(Records drawn from a dataset)
################
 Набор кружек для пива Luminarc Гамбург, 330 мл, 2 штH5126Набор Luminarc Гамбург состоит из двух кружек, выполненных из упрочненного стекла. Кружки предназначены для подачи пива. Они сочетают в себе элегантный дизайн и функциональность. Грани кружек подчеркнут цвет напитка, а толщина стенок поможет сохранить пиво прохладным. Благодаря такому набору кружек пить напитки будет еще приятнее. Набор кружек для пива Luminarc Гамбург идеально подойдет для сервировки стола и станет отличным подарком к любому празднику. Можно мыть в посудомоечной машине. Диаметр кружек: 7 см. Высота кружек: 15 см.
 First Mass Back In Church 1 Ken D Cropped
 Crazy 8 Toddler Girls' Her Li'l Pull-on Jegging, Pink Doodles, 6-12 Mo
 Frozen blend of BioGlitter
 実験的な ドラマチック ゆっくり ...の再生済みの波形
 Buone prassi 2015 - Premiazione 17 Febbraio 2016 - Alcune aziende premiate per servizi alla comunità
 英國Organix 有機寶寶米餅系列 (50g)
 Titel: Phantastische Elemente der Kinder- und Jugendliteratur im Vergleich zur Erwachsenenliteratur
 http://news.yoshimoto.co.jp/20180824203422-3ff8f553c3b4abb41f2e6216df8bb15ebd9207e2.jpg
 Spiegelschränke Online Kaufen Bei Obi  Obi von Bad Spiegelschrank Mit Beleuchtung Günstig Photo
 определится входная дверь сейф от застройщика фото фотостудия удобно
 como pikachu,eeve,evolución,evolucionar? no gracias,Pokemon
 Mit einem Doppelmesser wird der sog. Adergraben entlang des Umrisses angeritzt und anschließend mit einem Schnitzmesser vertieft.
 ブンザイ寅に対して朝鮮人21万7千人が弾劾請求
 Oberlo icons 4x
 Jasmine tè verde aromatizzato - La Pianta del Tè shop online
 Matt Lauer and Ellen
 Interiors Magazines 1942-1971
################
* _WORK REQUEST_:
Each entry above must be printed exactly as written.

* _RESULT FOR THIS EXERCISE_:
 Набор кружек для пива Luminarc Гамбург, 330 мл, 2 штH5126Набор Luminarc Гамбург состоит из двух кружек, выполненных из упрочненного стекла. Кружки предназначены для подачи пива. Они сочетают в себе элегантный дизайн и функциональность. Грани кружек подчеркнут цвет напитка, а толщина стенок поможет сохранить пиво прохладным. Благодаря такому набору кружек пить напитки будет еще приятнее. Набор кружек для пива Luminarc Гамбург идеально подойдет для сервировки стола и станет отличным подарком к любому празднику. Можно мыть в посудомоечной машине. Диаметр кружек: 7 см. Высота кружек: 15 см.
 First Mass Back In Church 1 Ken D Cropped
 Crazy 8 Toddler Girls' Her Li'l Pull-on Jegging, Pink Doodles, 6-12 Mo
 Frozen blend of BioGlitter
 実験的な ドラマチック ゆっくり ...の再生済みの波形
 Buone prassi 2015 - Premiazione 17 Febbraio 2016 - Alcune aziende premiate per servizi alla comunità
 英國Organix 有機寶寶米餅系列 (50g)
 Titel: Phantastische Elemente der Kinder- und Jugendliteratur im Vergleich zur Erwachsenenliteratur
 http://news.yoshimoto.co.jp/20180824203422-3ff8f553c3b4abb41f2e6216df8bb15ebd9207e2.jpg
 Spiegelschränke Online Kaufen Bei Obi  Obi von Bad Spiegelschrank Mit Beleuchtung Günstig Photo
 определится входная дверь сейф от застройщика фото фотостудия удобно
 como pikachu,eeve,evolución,evolucionar? no gracias,Pokemon
 Mit einem Doppelmesser wird der sog. Adergraben entlang des Umrisses angeritzt und anschließend mit einem Schnitzmesser vertieft.
 ブンザイ寅に対して朝鮮人21万7千人が弾劾請求
 Oberlo icons 4x
 Jasmine tè verde aromatizzato - La Pianta del Tè shop online
 Matt Lauer and Ellen
 Interiors Magazines 1942-1971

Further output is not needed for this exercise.